Salvage Cars Buyer Tips

How Does a Car Gain a Salvage Title, and is It Possible to Fix the Car So the Title is Clean Again?

By Mike Richards Updated: 07/30/2018 Posted: 04/10/2017

It’s easy to get excited when you see an amazing deal on a car you’ve always wanted on an auction site—until, of course, you see that the vehicle has a salvage title. If you know anything about cars, you probably know that a lot of experts advise against buying cars with salvage titles. You might be quick to click past a salvage car or to ignore salve vehicles when you filter online searches.

Not so fast. A salvage car can indeed be a savvy financial decision—but only if you know what you’re getting into, and how to keep the deal profitable.

How Does a Car Get a Salvage Title?

Cars with a salvage title have been salvaged—declared a total loss, or “totaled”–by an insurance company. Totaled vehicles are simply those that the insurer has decided not to repair after they are damaged. In most cases, this is a purely financial consideration, with insurers weighing the potential costs of restoration against the cost of the vehicle itself. Thus low-value cars with extensive damage are more likely to be salvaged and end up in salvage lots and auction sites than other cars.

In some cases, however, state law requires an insurer to salvage a car. Cars may be declared a total loss if they are flooded, suffer significant hail damage or face damage to the frame of the vehicle that renders it unsafe to drive or impossible to repair. These are the salvage cars buyers should watch for, since they can never really be restored to their original condition, and may not even be safe to drive.

Common Causes of Salvage Titles

Salvage vehicles can be totaled for a wide variety of reasons, and knowing that a car has a salvage title alone tells you very little about its condition, driveability, or when you should purchase it. Some of the most common reasons vehicles are salvaged include:

  • The car is old or of very low value, and experiences damage in a car accident.
  • The car is new and of high value, but suffers extensive damage that is greater than or equal to the value of the car.
  • The car has been damaged in a hail storm.
  • The car has been flooded.
  • The engine has been damaged in a car accident, or due to sabotage such as the gas tank being filled with sugar.

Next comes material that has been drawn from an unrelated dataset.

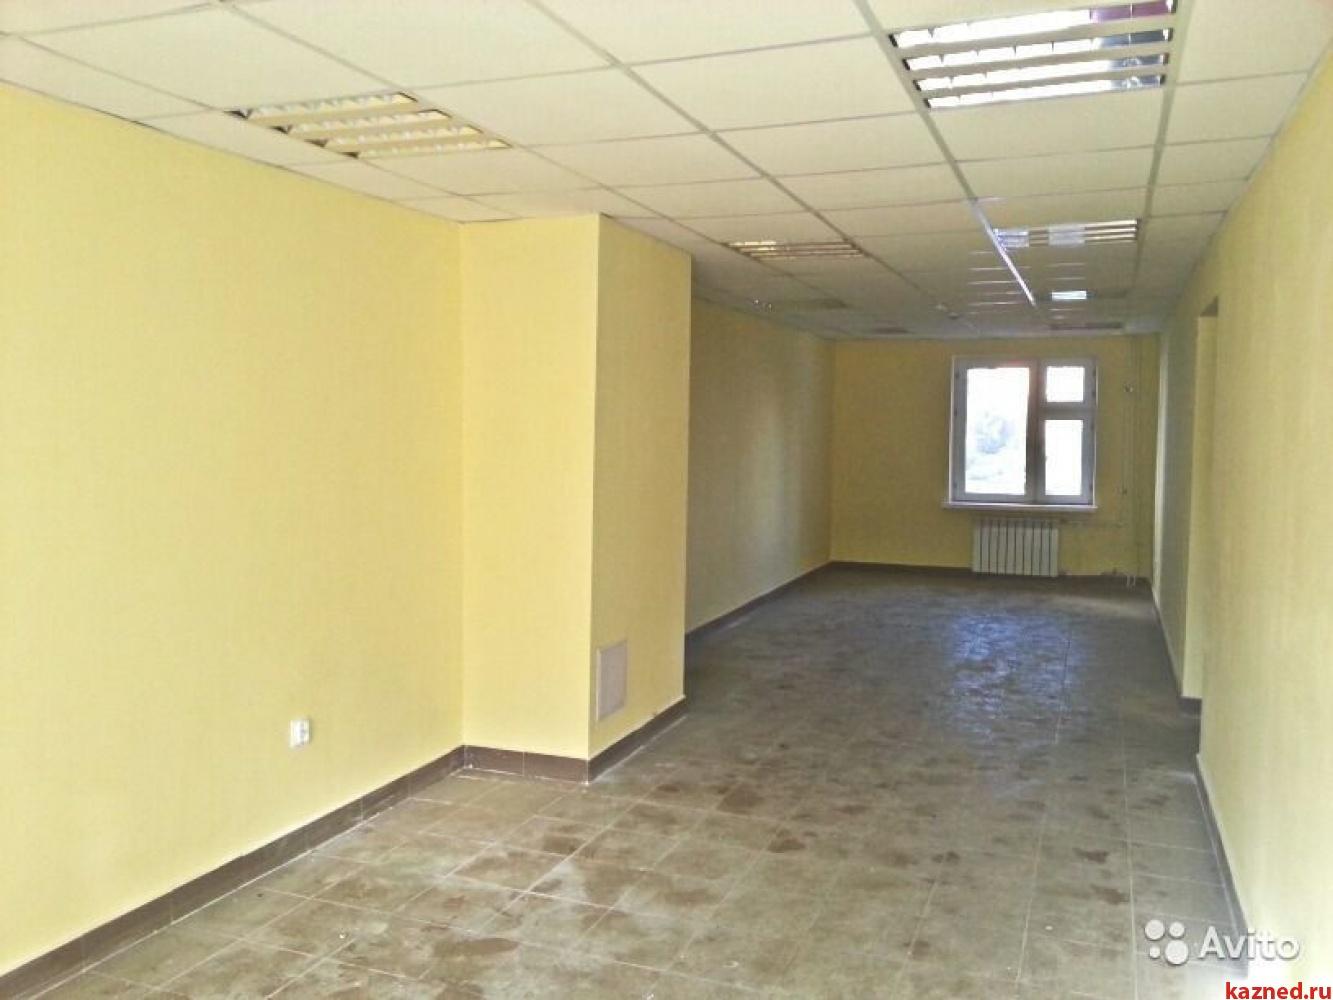 Продажа  помещения свободного назначения Академика Сахарова, 10, 74 м2  (миниатюра №3)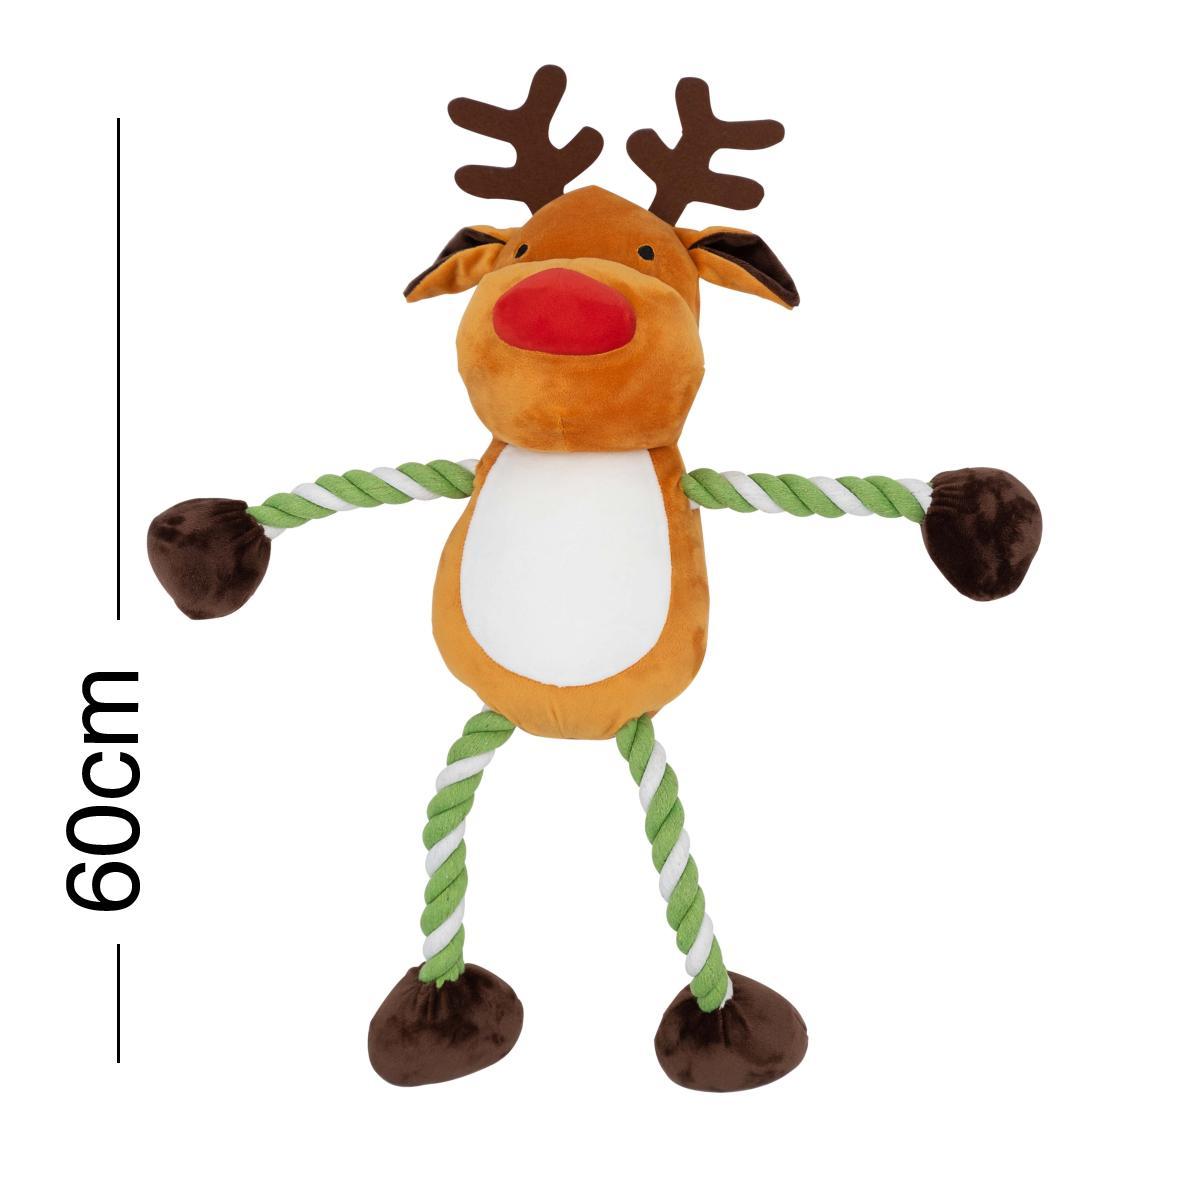 CLEARANCE Good Boy Hug Tug Reindeer Large 60cm

Knowing why the vehicle has been salvaged can help you determine whether you should buy it, whether you will be able to resell it, and whether it has any value at all. Note that some unscrupulous sellers attempt to obscure the reason for which a vehicle was salvaged, so due diligence and a willingness to do your research are both vital if you want to win at the salvage car game.

When to Buy, When to Pass

Whether you should purchase a salvage vehicle is a personal decision dependent on your ability to pay for the car, to repair it, and to find a suitable buyer. However, some considerations can help you determine whether a salvage car is appropriate. A salvage car may be a good option if:

  • The car is inexpensive, and you can pay in cash.
  • The cost to repair the car is minimal.
  • The damage to the car is purely cosmetic, and renders it neither unsafe to drive nor cosmetically irreparable.
  • You can work with a mechanic or body expert you trust.

You should not buy a salvage vehicle if:

  • You cannot pay for the car in cash.
  • The car has severe structural problems that will be costly to fix.
  • You cannot get a vehicle history report; without such a report, you cannot rely on the seller’s word alone about why the car is a salvage vehicle.
  • You need to recover a very specific amount from the sale; selling and reselling of salvage vehicles is inherently unpredictable.

Financial Considerations for Purchasing a Salvage Vehicle

Purchasing a salvage vehicle is a bit different from purchasing a more traditional car. For one thing, most lenders will not finance a salvage vehicle. The reason for this is fairly simple: the value of a salvage vehicle is unpredictable, and its status as a salvage car drives down its potential resale value. Because salvage cars often suffer mechanical issues, it’s also possible that the car will die before the loan is paid off.

For this reason, and because buying a salvage car with a loan is a bad investment, you should be prepared to pay for the car in cash, out of your own pocket.

Before purchasing a salvage car, you’ll want to ensure you are able to insure the vehicle. Not all insurers will insure salvage title cars, so if you plan to drive the vehicle, you must work out insurance arrangements in advance.

Can a Title Be Repaired?

Repairing a salvage title is no simple matter. Once a salvage car is a salvage car, it must always have a salvage title. So-called title washing, the process of registering a car in a new state in an attempt to obscure its status as a salvage vehicle, is illegal and can subject you to both civil and criminal penalties.

In some states, it’s possible to repair damage to a car and register it as a refurbished title. In this case, a buyer will still be able to see that the car was a salvage vehicle, but the restored title denotes a car that has been substantially repaired.